Meet the people behind KIF1A.ORG.

Luke Rosen

Luke Rosen, MS

Founder & Board

Luke Rosen and Sally Jackson founded KIF1A.ORG in 2016 following their daughter Susannah’s KIF1A diagnosis. In 2017 Luke left his career in film and television to accelerate discovery of treatment for Susannah and children like her.

With a focus on research strategy and outcome measures, Luke works to educate and activate families affected by rare genetic diseases. His mission is to accelerate biotech innovation and forge efficient collaborations within the scientific community to rapidly discover treatment for KIF1A Associated Neurological Disorder.

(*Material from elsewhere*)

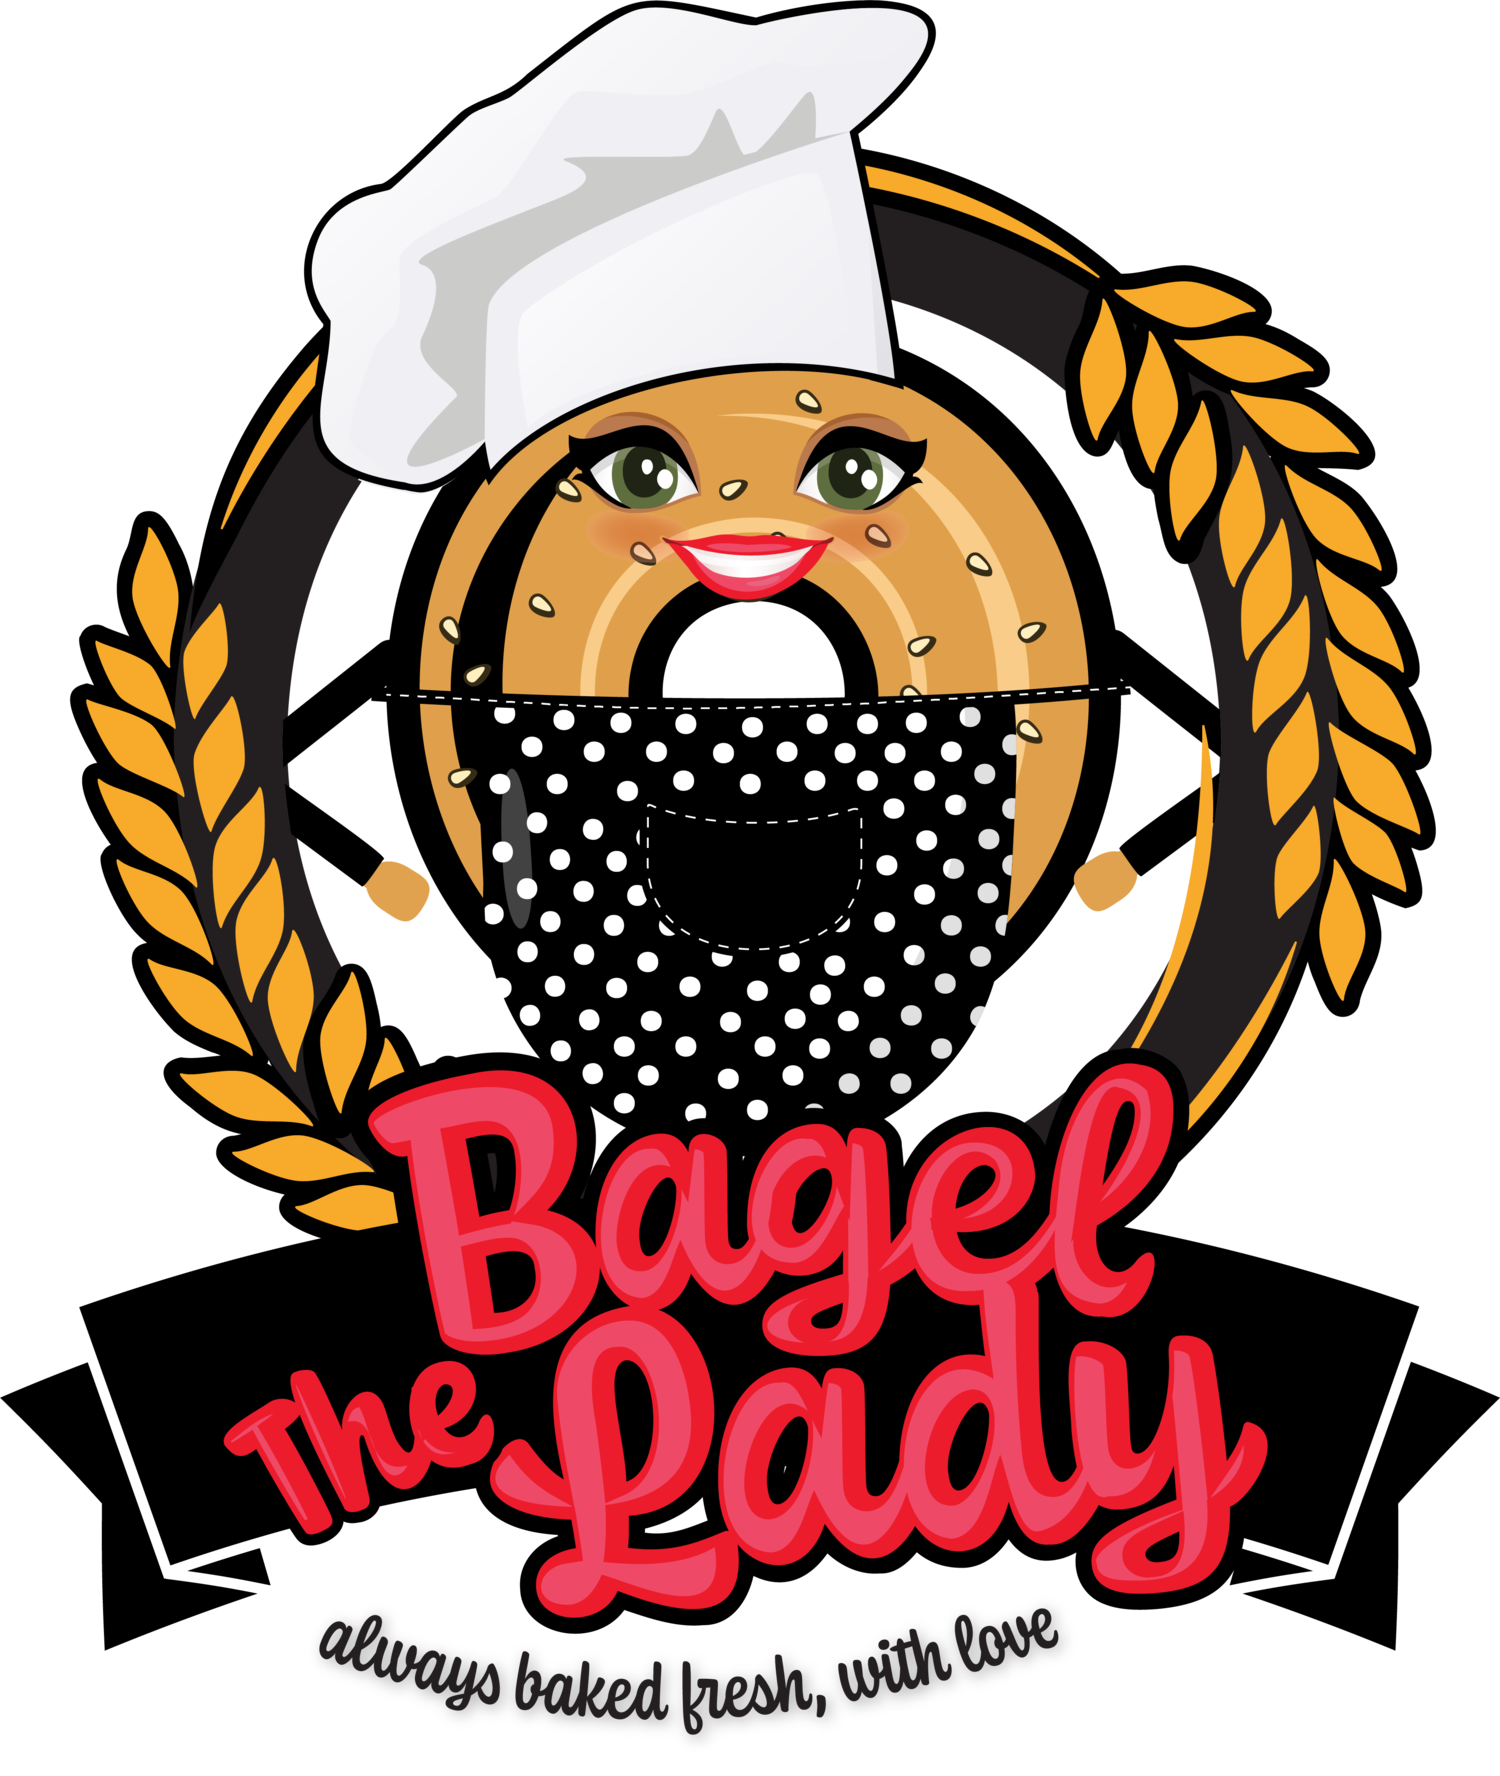 The Bagel Lady

Working closely with all stakeholders, Luke makes sure every family is active in discovery, from pre-clinical research through clinical trial readiness. Luke helps drive our mission to urgently find treatment for children living with KIF1A Associated Neurological Disorder.

Kathryn Atchley


Kathryn joined KIF1A.ORG shortly after her son Parker received his KIF1A diagnosis in January 2017. Before joining KIF1A.ORG, Kathryn spent six years at the headquarters of an international not-for-profit organization, working with both development and program areas. Her experience includes a wide range of nonprofit responsibilities, including grant writing, impact analysis, communications, budgeting, volunteer training, event planning and website management, all of which has been put to use at KIF1A.ORG.

As President of KIF1A.ORG, Kathryn’s focus is to advance our mission and continue to cultivate an engaged, global community of KIF1A families, researchers, clinicians, partners and supporters.


Chief Science

Dominique first started working with KIF1A.ORG in 2018 as a member of the Berger Lab at the University of Vermont. In graduate school, Dominique’s research focused on understanding the basics of KIF1A regulation and transport at the molecular level. On top of her KIF1A research background, Dominique brings experience in science communication and engagement techniques. Specifically, her training has focused on translating and conveying complex scientific rhetoric using mixed media formats.

Upon completion of her Ph.D., Dominique joined the KIF1A.ORG Leadership Team. As Chief Science Officer, Dominique drives KIF1A.ORG’s efforts to build a global, collaborative research network, and leads our research engagement and science communication strategy.

Shannon Scott


Chief Patient Officer​

Shannon has been with KIF1A.ORG since May 2017. As a practicing pediatric health care provider and mother to Sadie, who was diagnosed with KIF1A Associated Neurological Disorder, she is uniquely positioned to serve our organization. Shannon’s education and experience in the medical field has provided her with opportunities to serve as an advocate, mentor and educator.

As Chief Patient Officer, Shannon supports collaboration with researchers who are studying KAND and helps caregivers improve their knowledge of the disorder. Her ultimate goal is to strengthen engagement and understanding between KIF1A families, researchers and clinicians to improve care and treatment options for KAND patients.

John Siemer



John joined KIF1A.ORG in September 2018 after his daughter Lily was diagnosed with KIF1A Associated Neurological Disorder. John’s background in finance brings great value to our organization. He has a broad range of accounting and tax experience, working with organizations of various sizes and entity types, across numerous industries and the non-profit sector. His nonprofit experience includes governmental audits and Form 990 tax preparation.

In addition to serving as Treasurer, John contributes to KIF1A.ORG development and advocacy efforts, and provides guidance to families doing local fundraisers to support KIF1A.ORG.